В гостях

— Самоутверждение! Самоутверждение — вот на чём покоятся ваши слова и поступки, ваши таланты. Конечно, вы обязаны не согласиться со мной, иначе вы, как сами считаете, уроните себя в глазах других. В первую очередь в глазах слушающей нас милой дамы! Судя по её смеющимся глазам, и на этот раз победа будет мной!
Я сидел в гостях у знакомой. Мы шутили с её дядей, который, как оказалось, с недавних пор жил у них дома. Его отличала необычайная весёлость и постоянная словесная игра. «Уж не спрятано ли за этим непережитое горе?» — иногда думал я. А теперь у нас зашёл с ним разговор о современной молодёжи, и я отбивался от его нападок, стараясь при этом, без сомнения, произвести впечатление на его племянницу.
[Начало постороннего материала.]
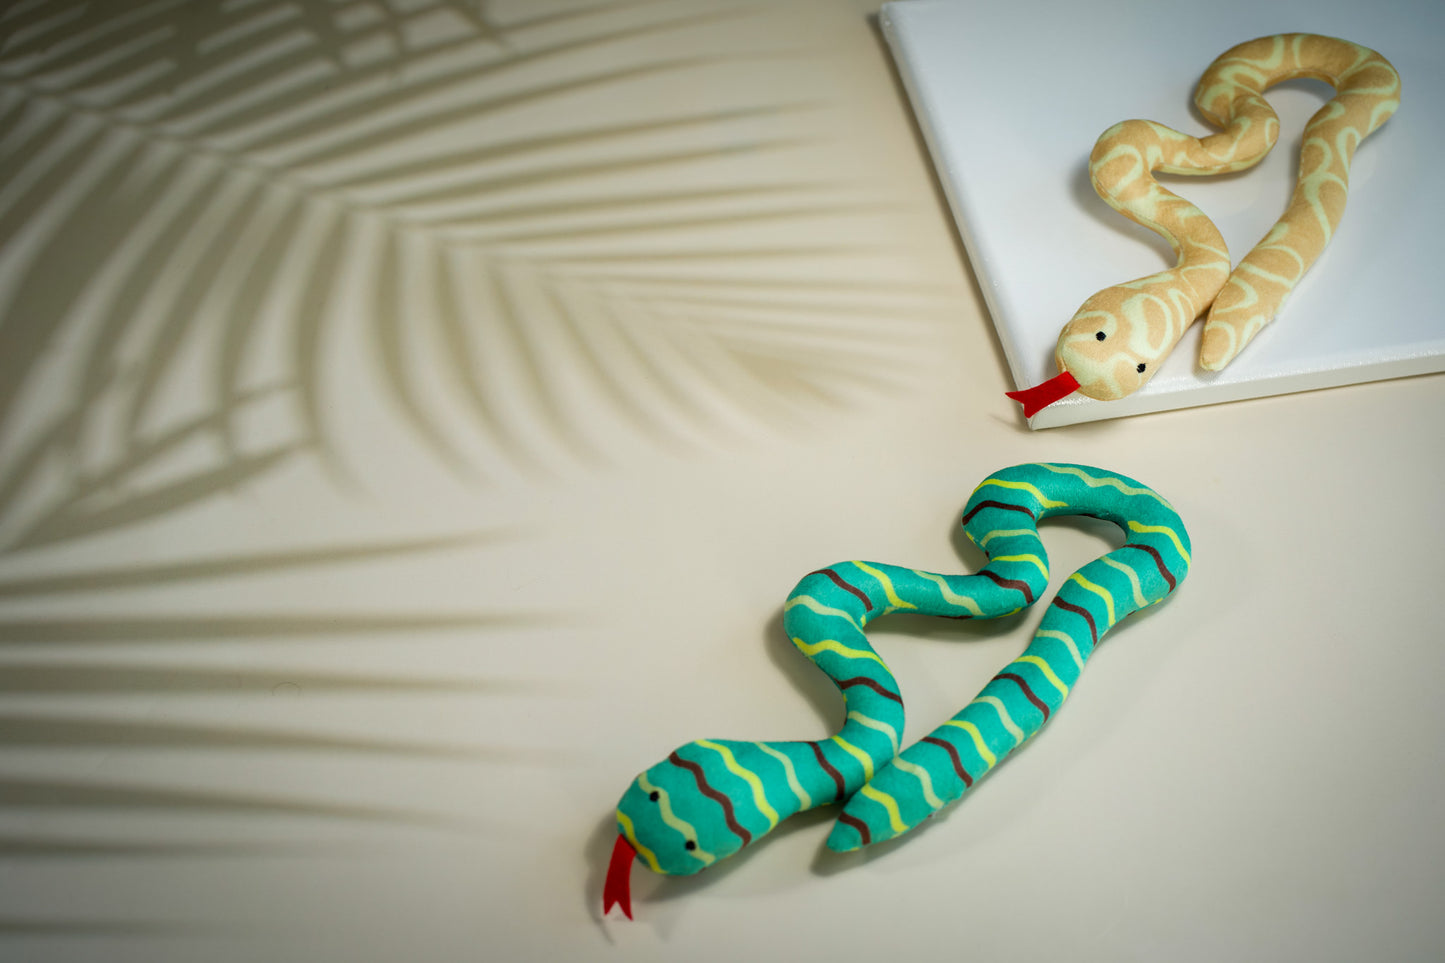 Plush snake cat toys with catnip.
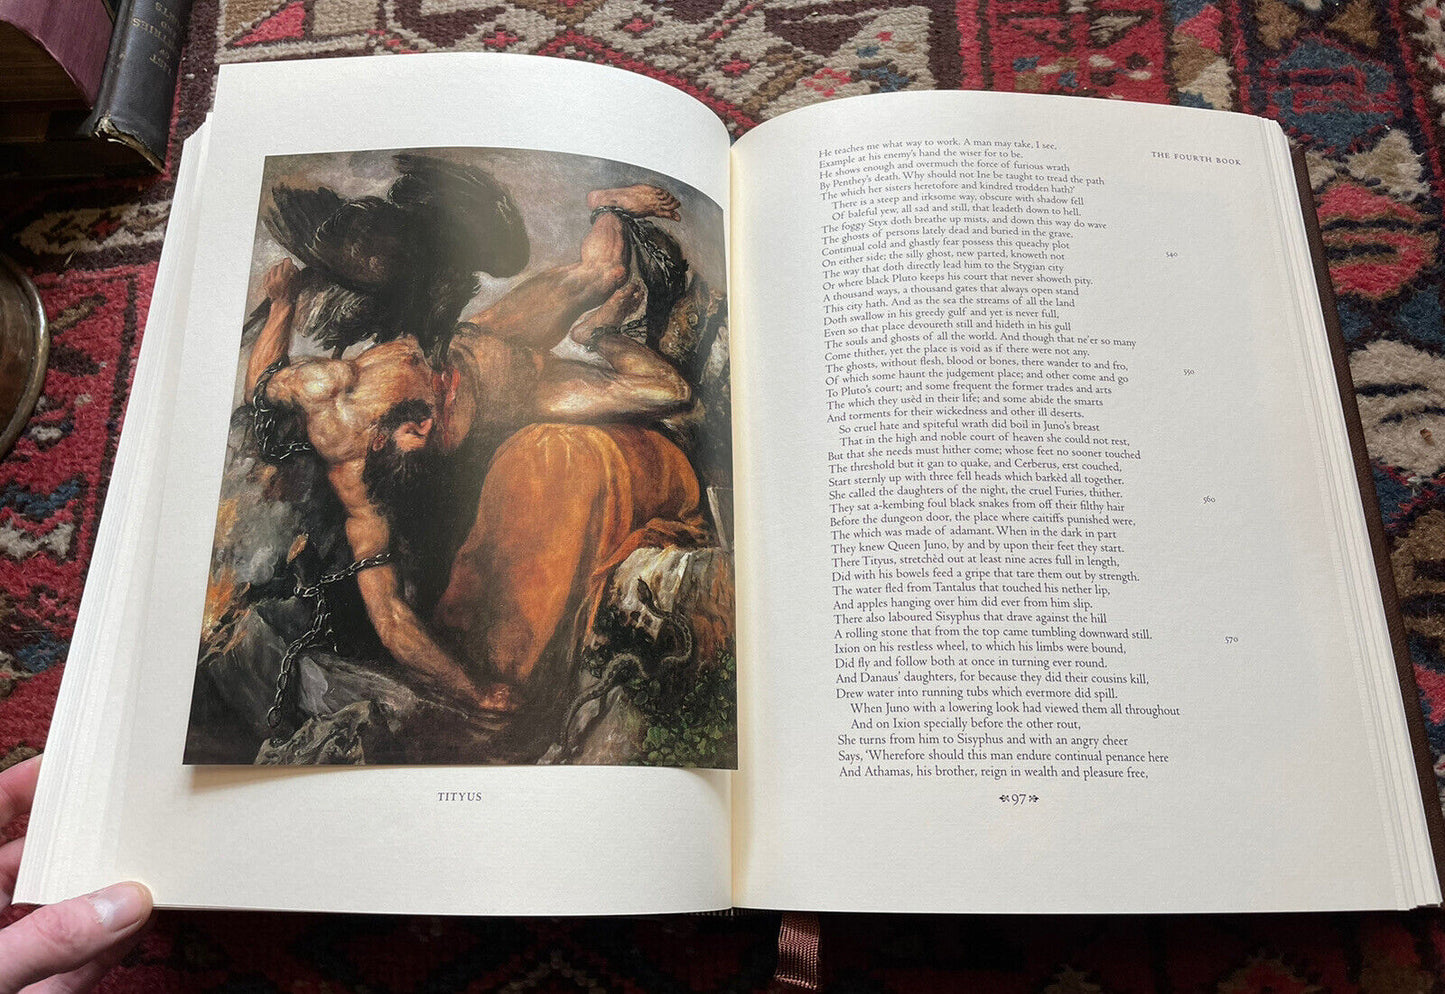 Ovid's Metamorphoses : Ltd Edition : Folio Society : Full Leather in Clamshell Box

— Ну уж нам, молодёжи, не привыкать отбиваться от ваших сентенций в нашу сторону. Каждое поколение выступало строгим судьёй в отношении будущего, а в отместку ему подросшее поколение свергало с пьедестала то, что было дорого для их отцов. Что ж, а по поводу ваших обвинений я могу сказать то, что даже если и в нас так сильно желание утвердиться, то оно придаёт большую энергию нашей жизни, пробуждает в нас сильные желания. Нынешняя молодёжь будет поактивней предшествующей: сколько интересов у нас, стремлений к открытиям, путешествиям, продвижению в карьере. Энергичность! Это многого стоит!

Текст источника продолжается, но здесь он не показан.